El aquí y ahora de Yolanda Morató
Yolanda Morató (Huelva, 1976), profesora universitaria, filóloga, traductora y poeta, acaba de publicar en la Fundación José Manuel Lara un libro bello, afilado y exquisito, titulado Ahora, un conjunto de poemas celebratorios, vitalistas, pero a la vez directos y sin contemplaciones, donde arremete, entre otras cosas, contra la figura de los padres o contra el dardo envenenado de las palabras de aquellos que hieren en las conversaciones más triviales. Morató, que ha pasado por universidades tan prestigiosas como Harvard o el MIT, actualmente imparte clases de filología inglesa en la Universidad de Sevilla, y es una notable traductora que ha volcado al español a escritores como Scott Fitzgerald, Rebecca West, William Plomer, Wyndham Lewis o Georges Perec, con su incomparable Me acuerdo, entre otros muchos. Hablamos con ella de su segundo poemario, recién salido del horno.
Los padres son figuras importantes en Ahora, en su papel de impositores y hasta de manipuladores de la vida de los hijos, pero luego hay un atisbo de comprensión hacia ellos, porque al final nos acabamos pareciendo a ellos. La paternidad sigue siendo un gran tema literario, ¿no lo crees?
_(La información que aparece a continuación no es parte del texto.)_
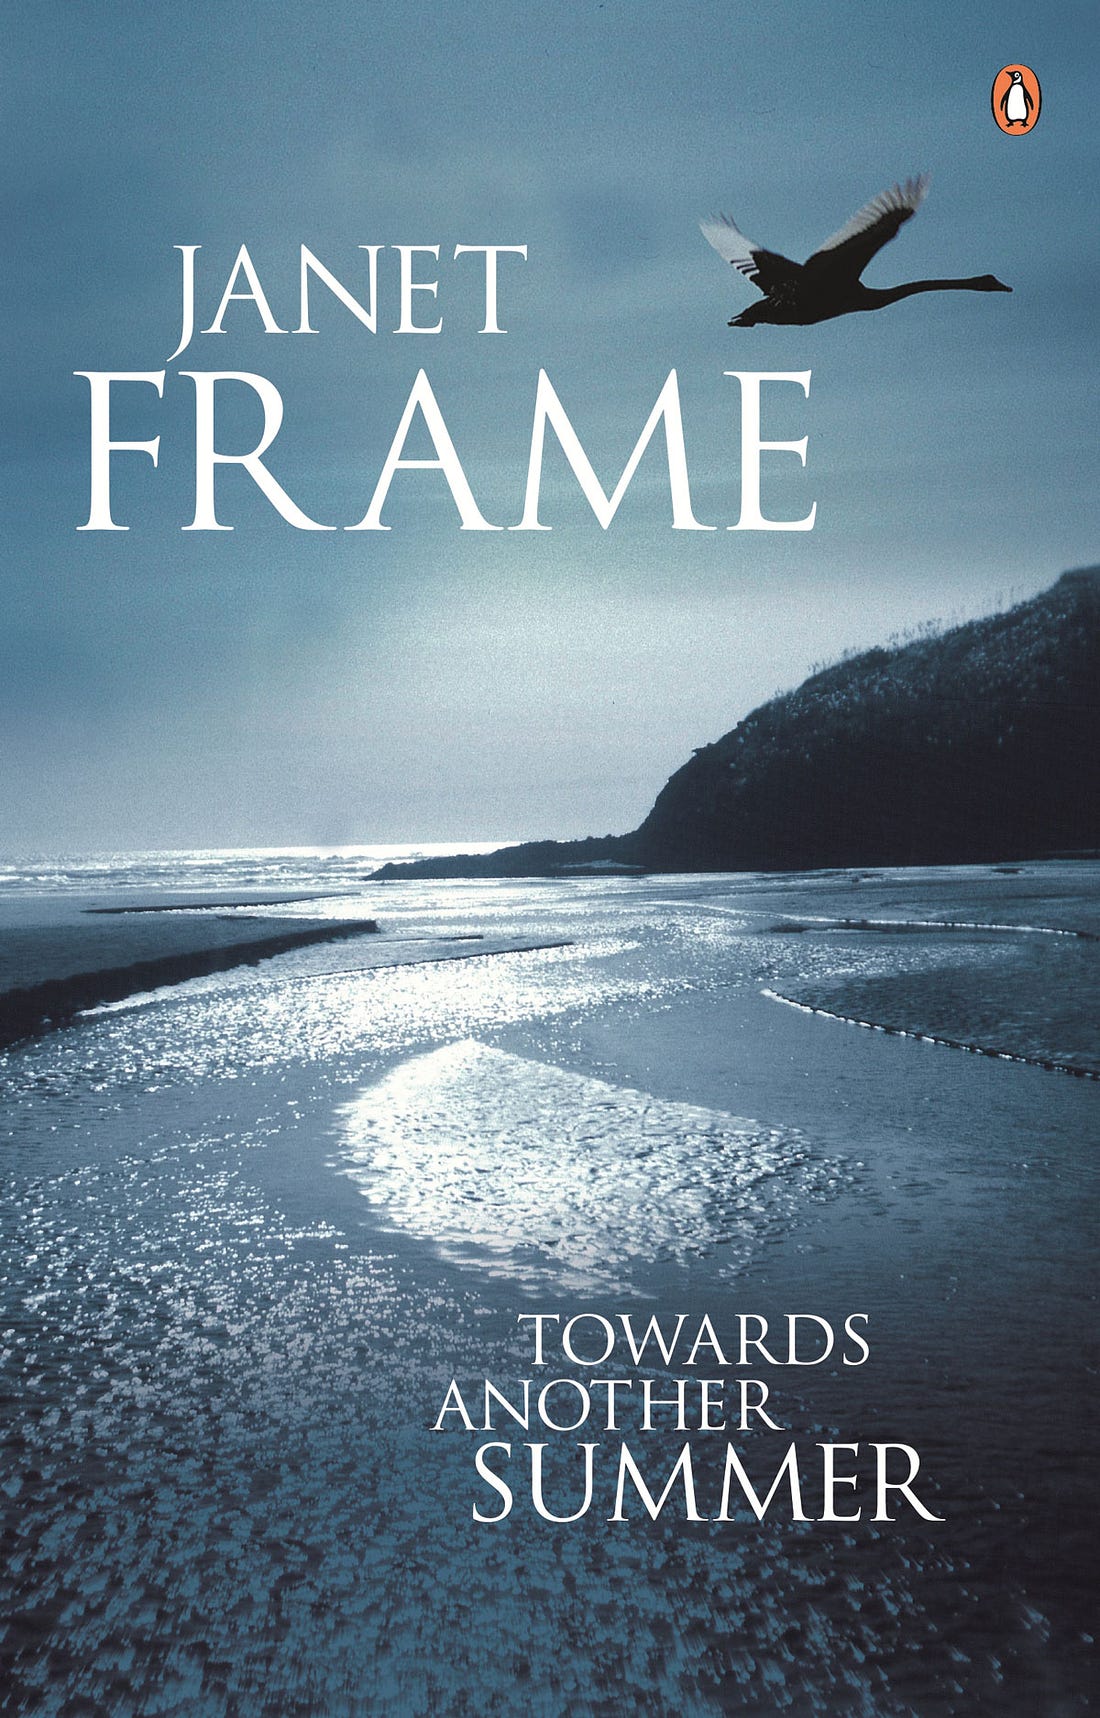 Towards Another Summer (by Janet Frame) Book Cover

La paternidad en su sentido más amplio, no solo el biológico, es un tema constante en nuestras vidas. Renacimiento publicó en 2017 una estupenda colección de poemas en torno a la figura del padre, Tu sangre en mis venas, que reúne a un importante número de poetas españoles que han reflexionado sobre el tema y junto a los que tuve la suerte de participar. Diría que, de manera más o menos consciente, todos nos fijamos referentes. En las páginas de Ahora se exploran las relaciones que establecemos con ellos desde distintos ángulos. Por ejemplo, en el segundo poema del libro, “They fuck you up, your mum and dad”, utilizo el verso de Philip Larkin como título para mantener tirante el hilo invisible que enlaza varios de los poemas de esta colección. El poema de Larkin (This Be The Verse), que es tremendo por su dureza, termina diciendo que es mejor no tener hijos, para así salir del círculo vicioso que crea el ser humano cuando decide pasarse el sufrimiento, como si fuera un testigo, de generación en generación. El propósito de mi libro, sin embargo, invierte el mensaje de Larkin. ¿No sería más sabio comprender que las generaciones no compartimos tiempos por más que ocupemos el mismo espacio? Los tiempos de nuestros referentes y los nuestros se mueven a distintas velocidades y esta falta de sincronización nos produce muchos sinsabores que podríamos evitar si todas las partes fueran más comprensivas, más empáticas y solidarias. De estas tensiones nace mucha de la literatura basada en los conflictos paternofiliales.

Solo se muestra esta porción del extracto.